As uplifting as WE ARE is, there are moments where it is ironically weak. The track “WHATCHUTALKINBOUT” sees Jon Batiste dipping his toe into the rap game for the first time, but sadly, it falls short. His rapping is nowhere near technically perfect, which he even admits to in the middle of the rap, saying “I never been jailed, I never been popped/I never will have the message of Pac,” a direct reference to the late Tupac Shakur and his influence through his lyricism. This disappointment with his rapping is also felt in the first part of “BOY HOOD” and at the end of “I NEED YOU,” seeming way too casual for an album meant to uplift and fix a broken community. WE ARE can also feel pretty stagnant when listened to in one continuous play through, and while part of that is at fault of thematic material, as it’s difficult to continue pressing one idea continuously without sounding repetitive, part of it is the inability of Jon Batiste to make tracks that are sonically different from the previous track, a weakness shown heavily in the back half of the album.
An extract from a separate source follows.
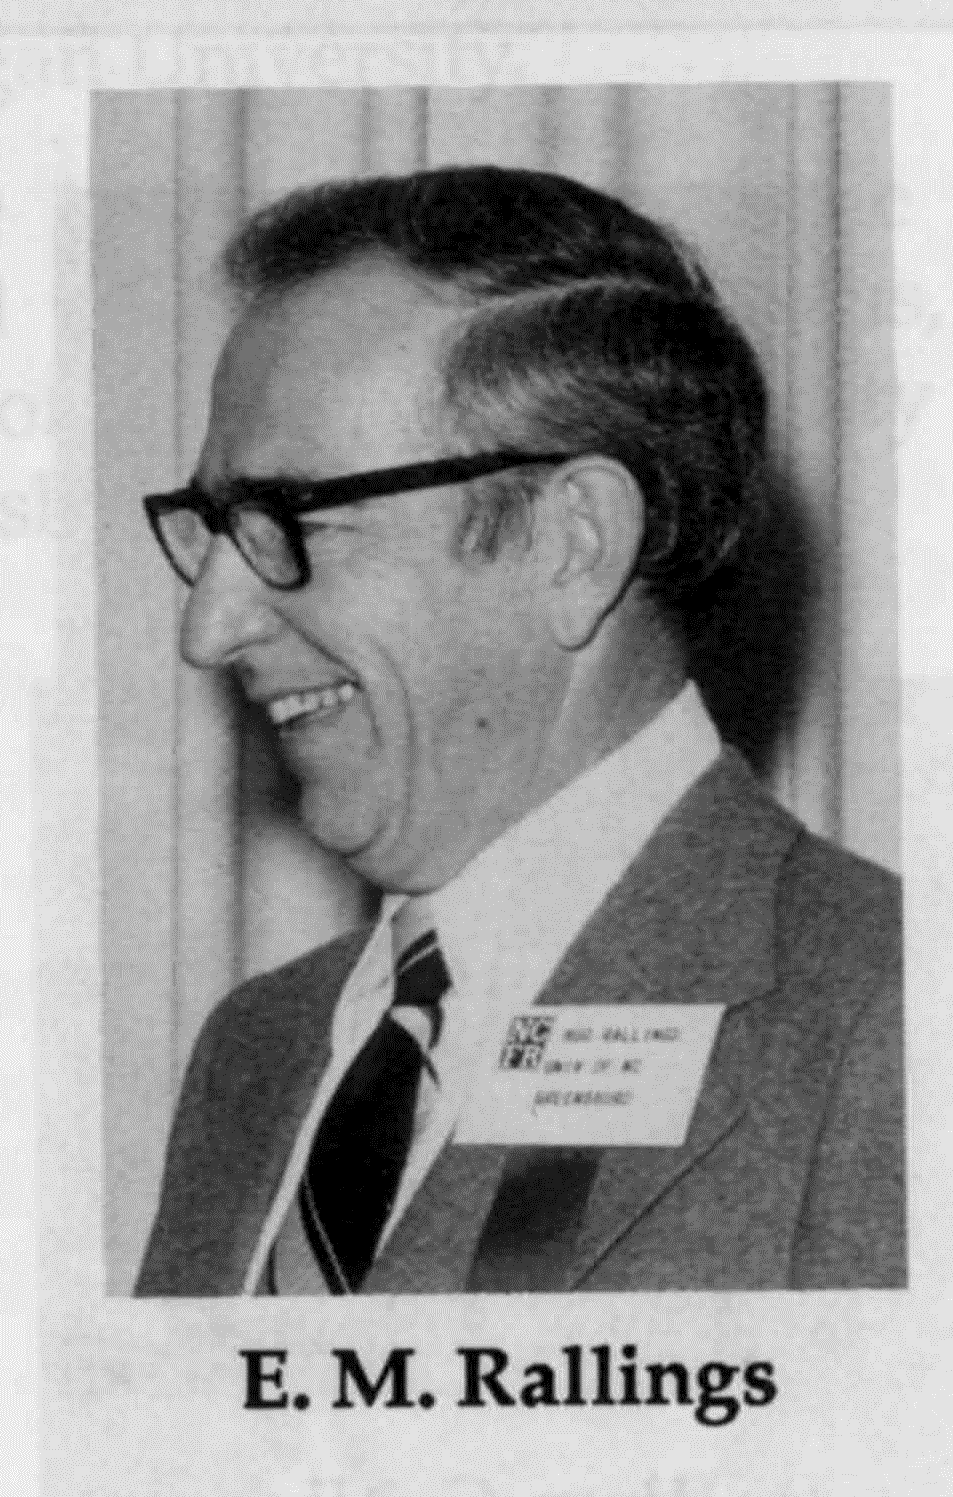 E.M. Rallings

Similarly, there is such a thing as combining too many styles and ideas. For example, the pop and rap influences can be seen as overcompensating and busy, which probably comes from Jon Batiste’s mission in trying to universally appeal to all listeners, when he really could have made this out for the people in his community.
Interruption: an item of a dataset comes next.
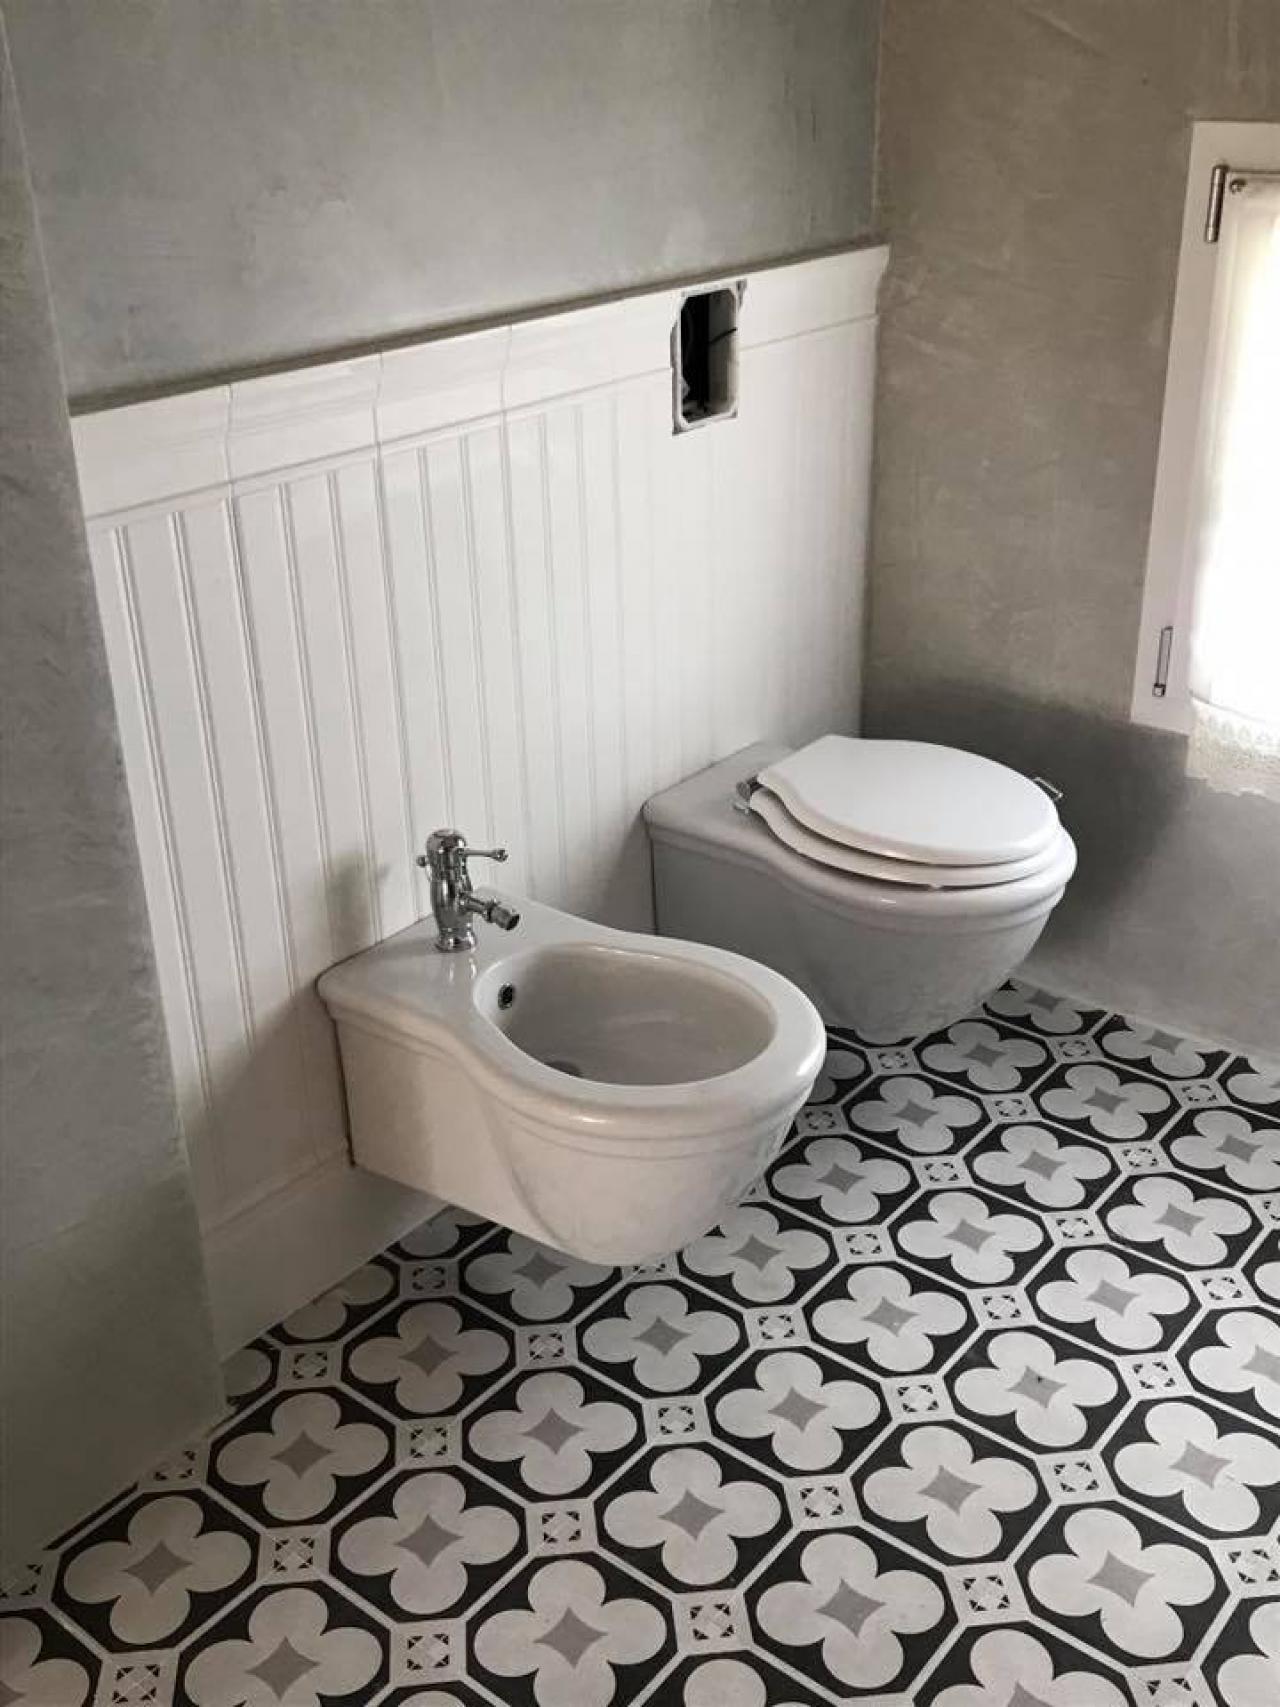 Ceramiche Per Bagno Classico.Boiserie In Ceramica E Cementine Bagno Classico A Vicenza

While WE ARE is at times tiresome and complicated, its mission to inspire a sense of community in the hearts of those listening is completed with uplifting and insanely well-arranged tracks. As expected, Jon Batiste has proven again that he is a gifted musician with a knowledgeable ear on what society needs through music. At only 34 years old, his career in music at this point is up in the air on what direction it will take next, but we can only wait with hungry ears and open minds for something that will again shock our world.